RAW DATA: Begin

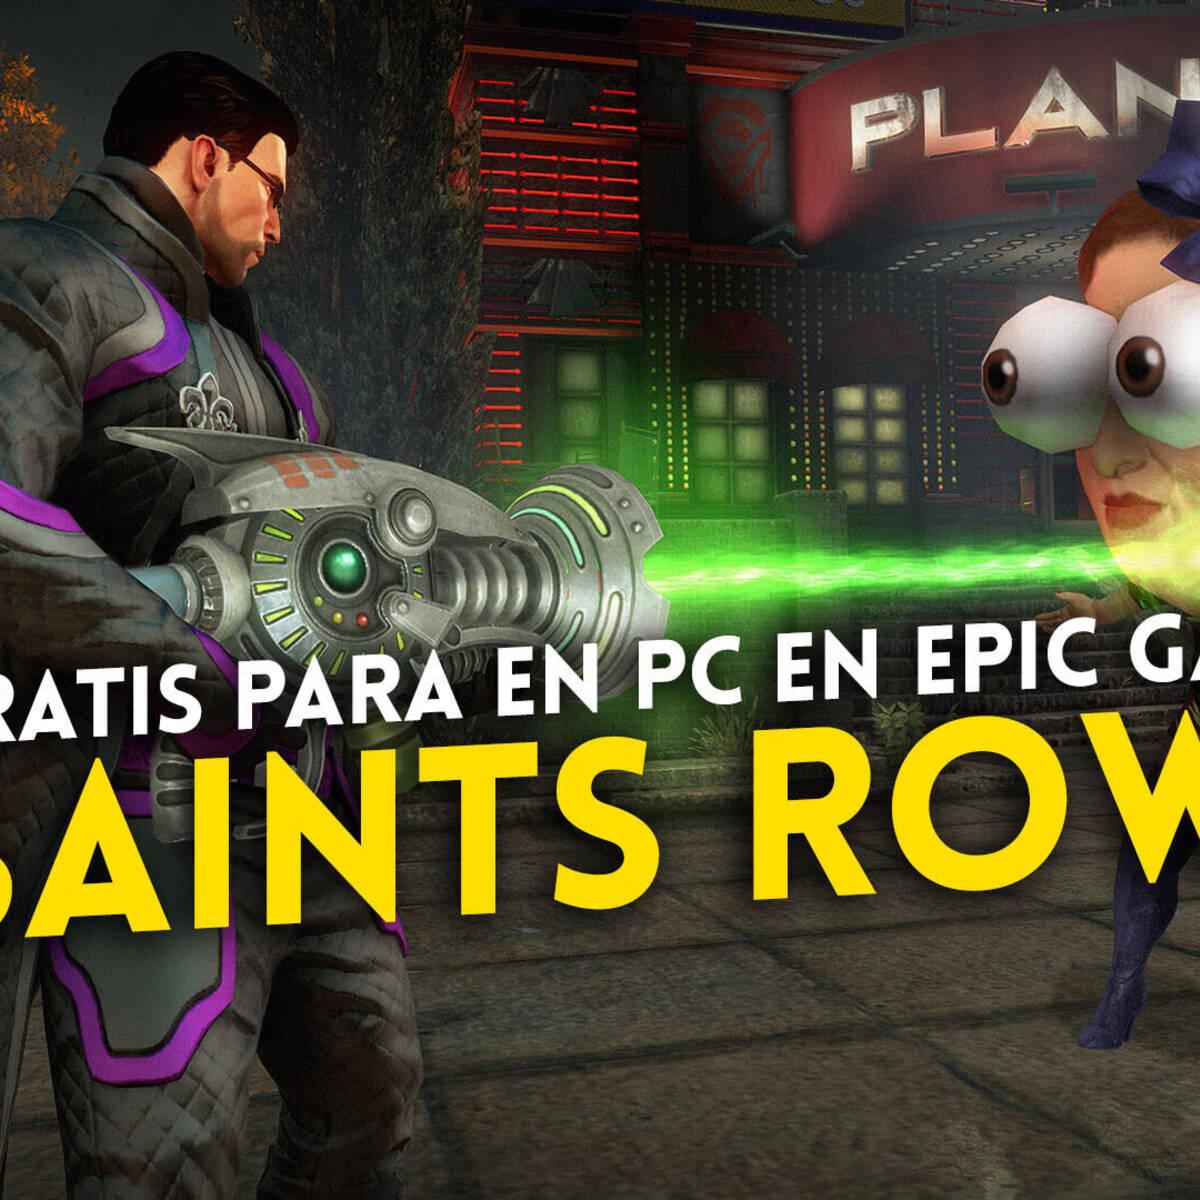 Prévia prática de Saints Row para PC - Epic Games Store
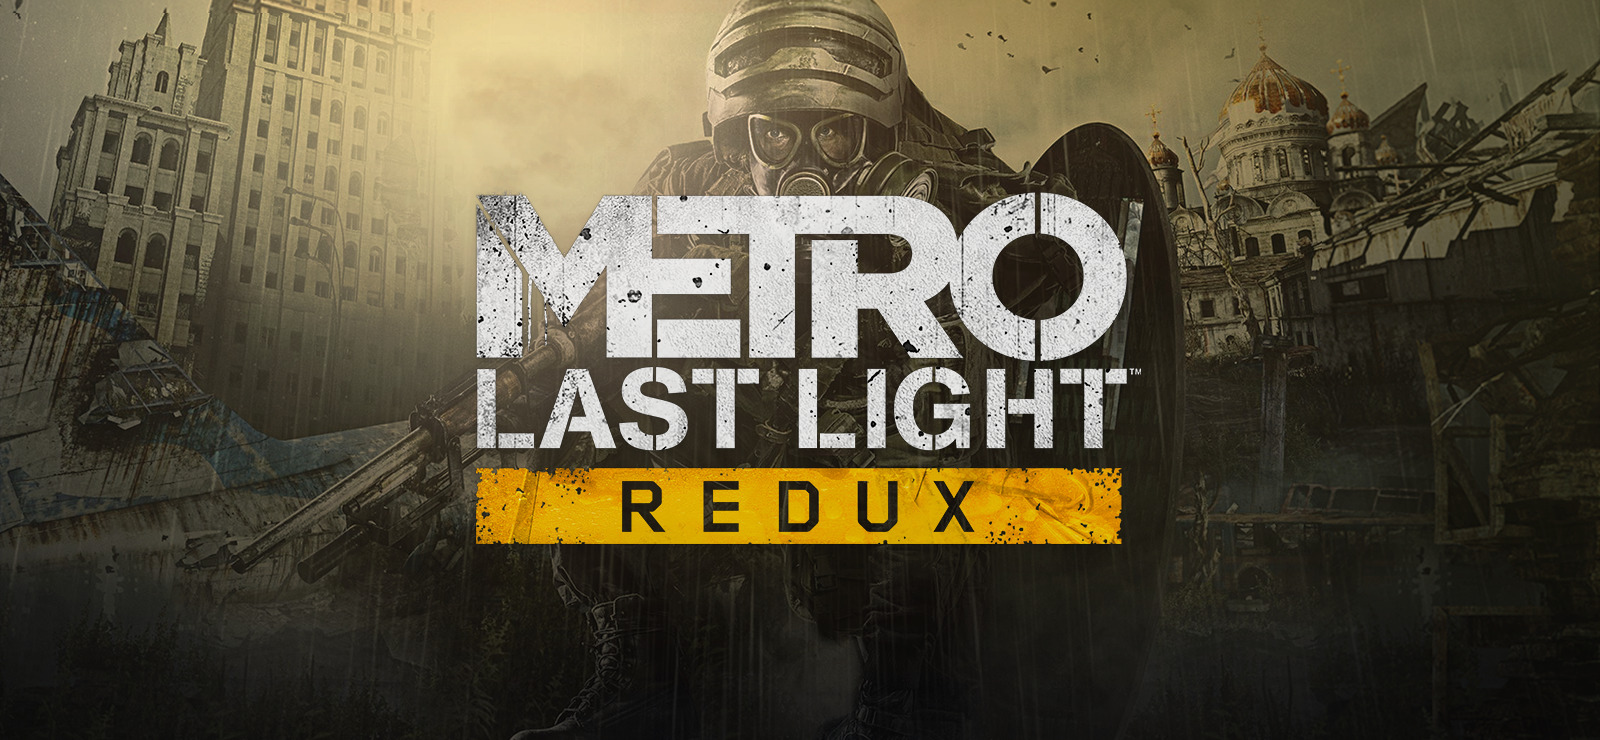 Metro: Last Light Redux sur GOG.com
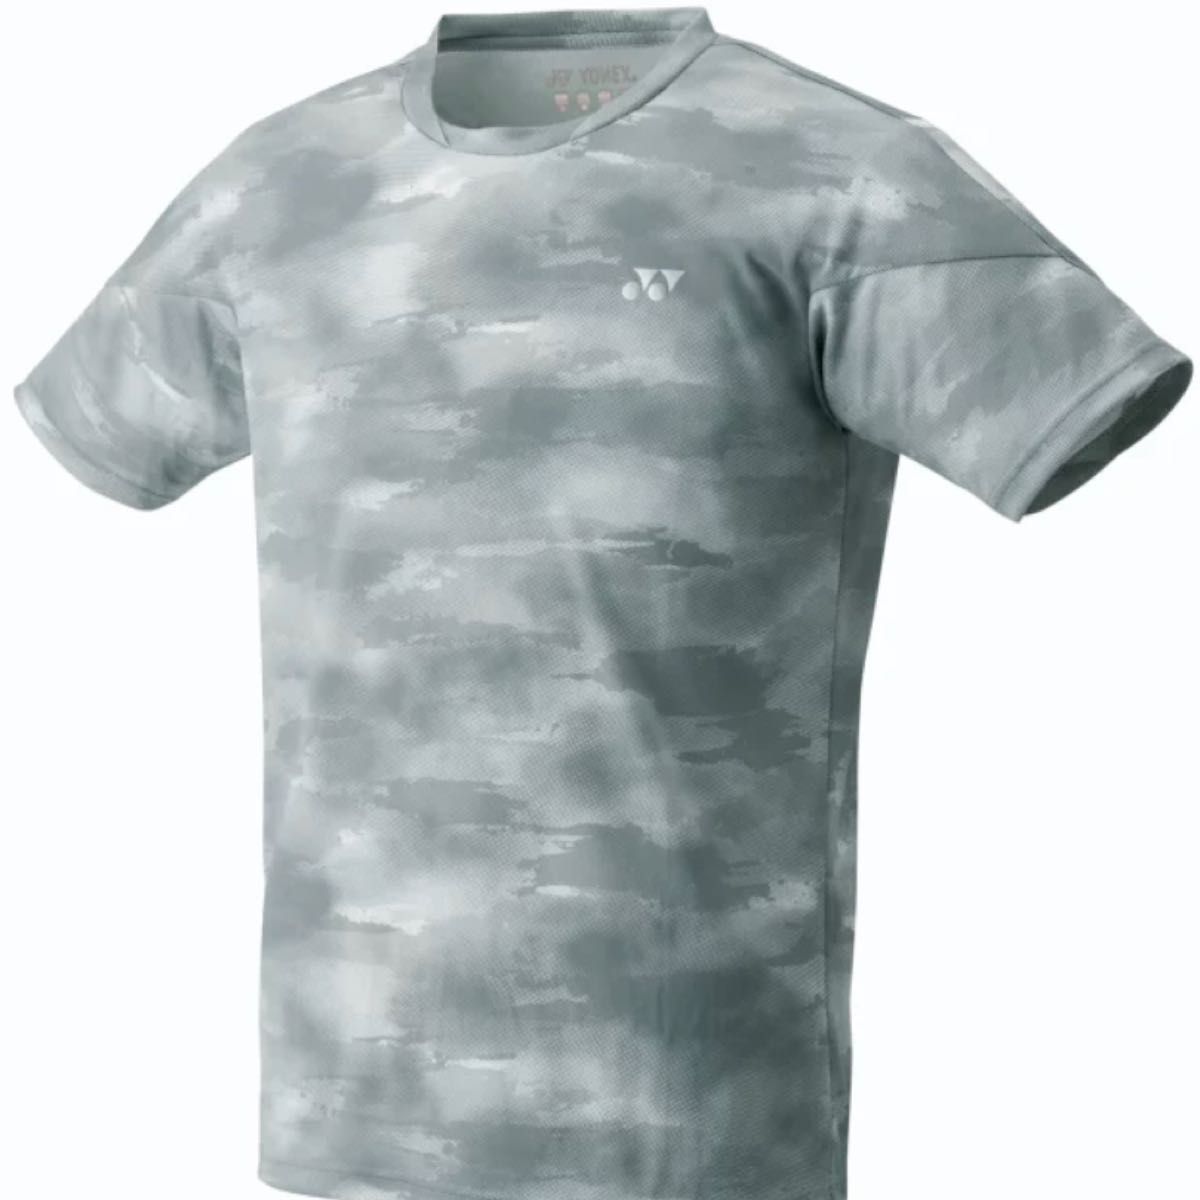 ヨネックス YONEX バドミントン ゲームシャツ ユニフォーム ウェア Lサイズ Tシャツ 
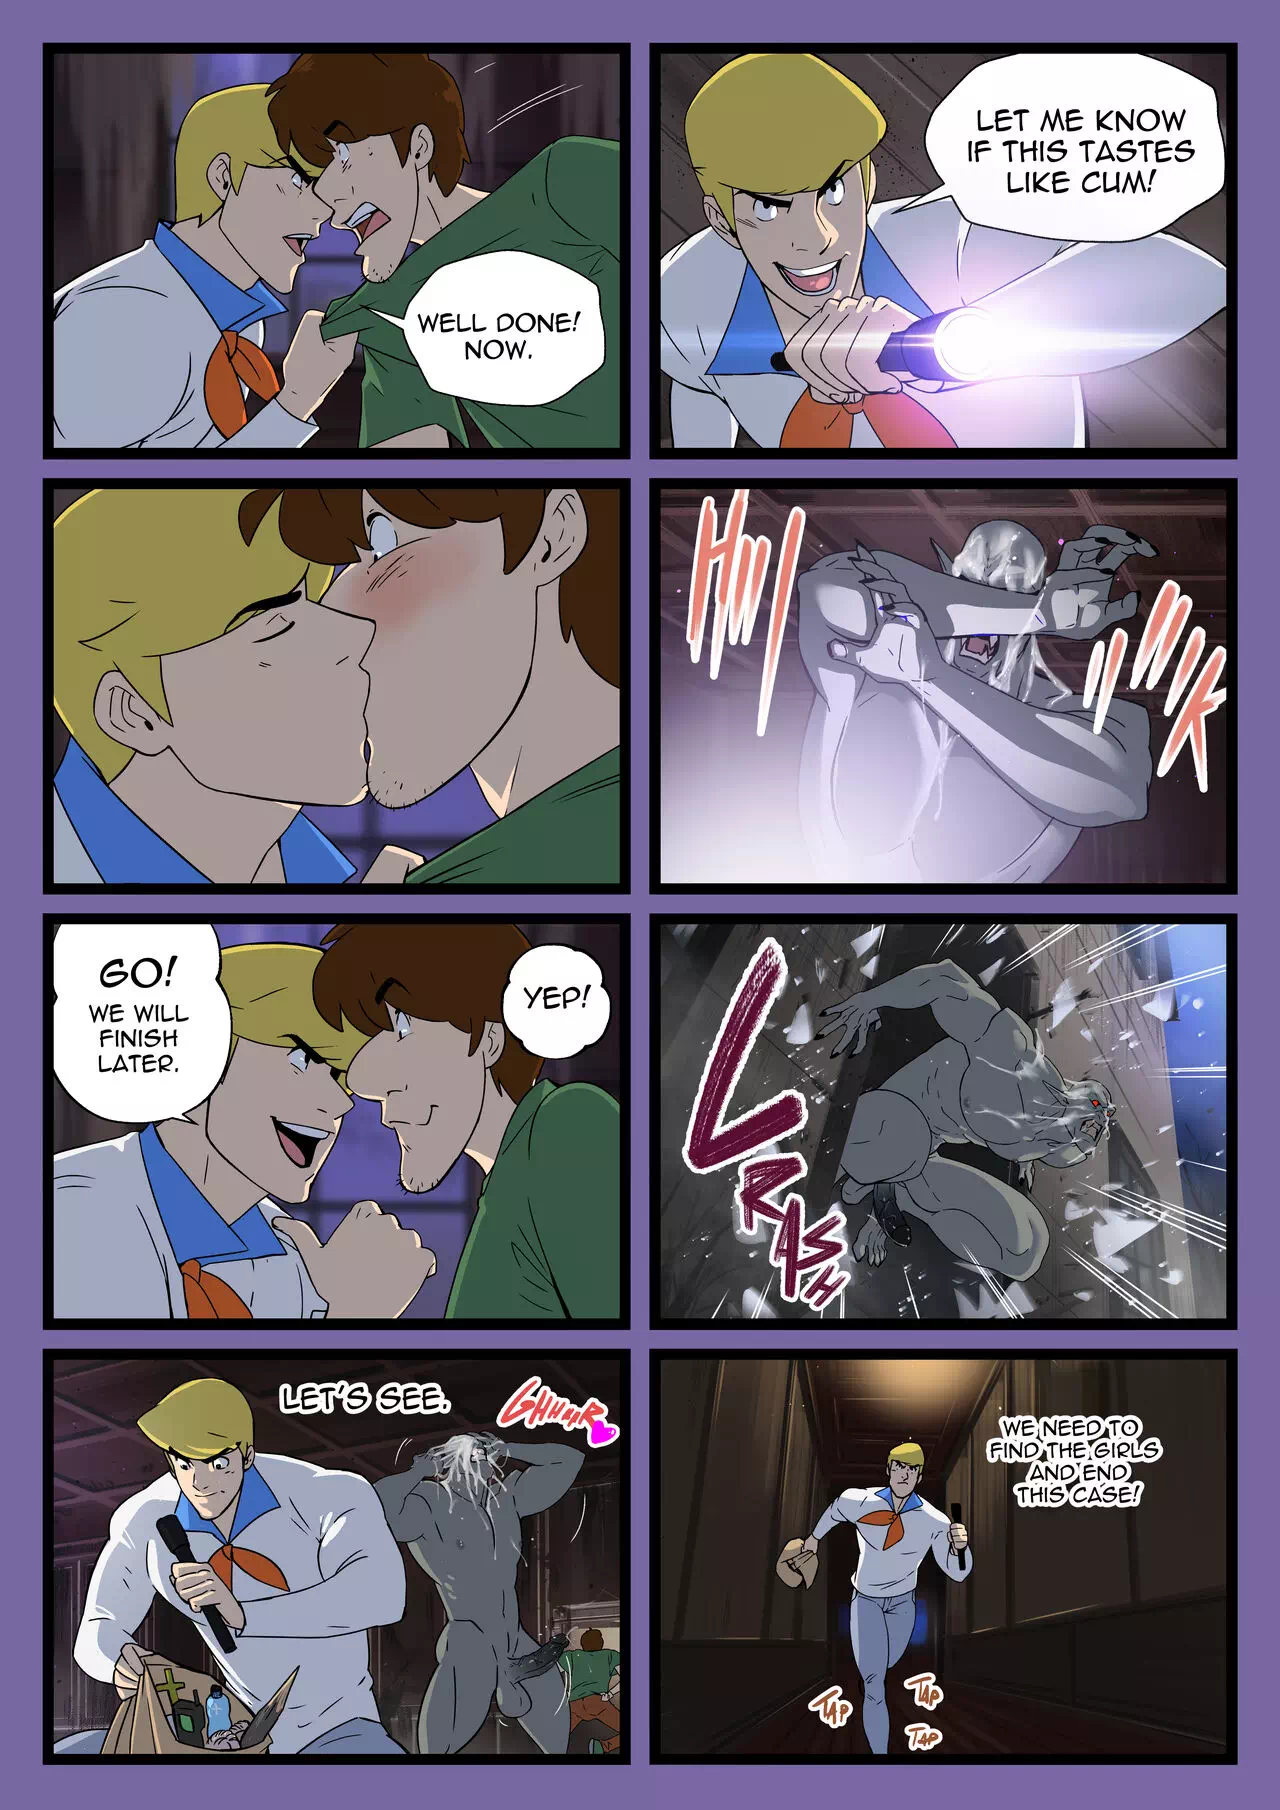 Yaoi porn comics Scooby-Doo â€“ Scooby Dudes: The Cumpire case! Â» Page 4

RAW DATA: End

DESCRIPTION OF THE TASK:
Only the pictures stay behind; everything else in the data above is to be retyped exactly.

SOLUTION:
 Prévia prática de Saints Row para PC - Epic Games Store
 Metro: Last Light Redux sur GOG.com
 ヨネックス YONEX バドミントン ゲームシャツ ユニフォーム ウェア Lサイズ Tシャツ 
 Yaoi porn comics Scooby-Doo â€“ Scooby Dudes: The Cumpire case! Â» Page 4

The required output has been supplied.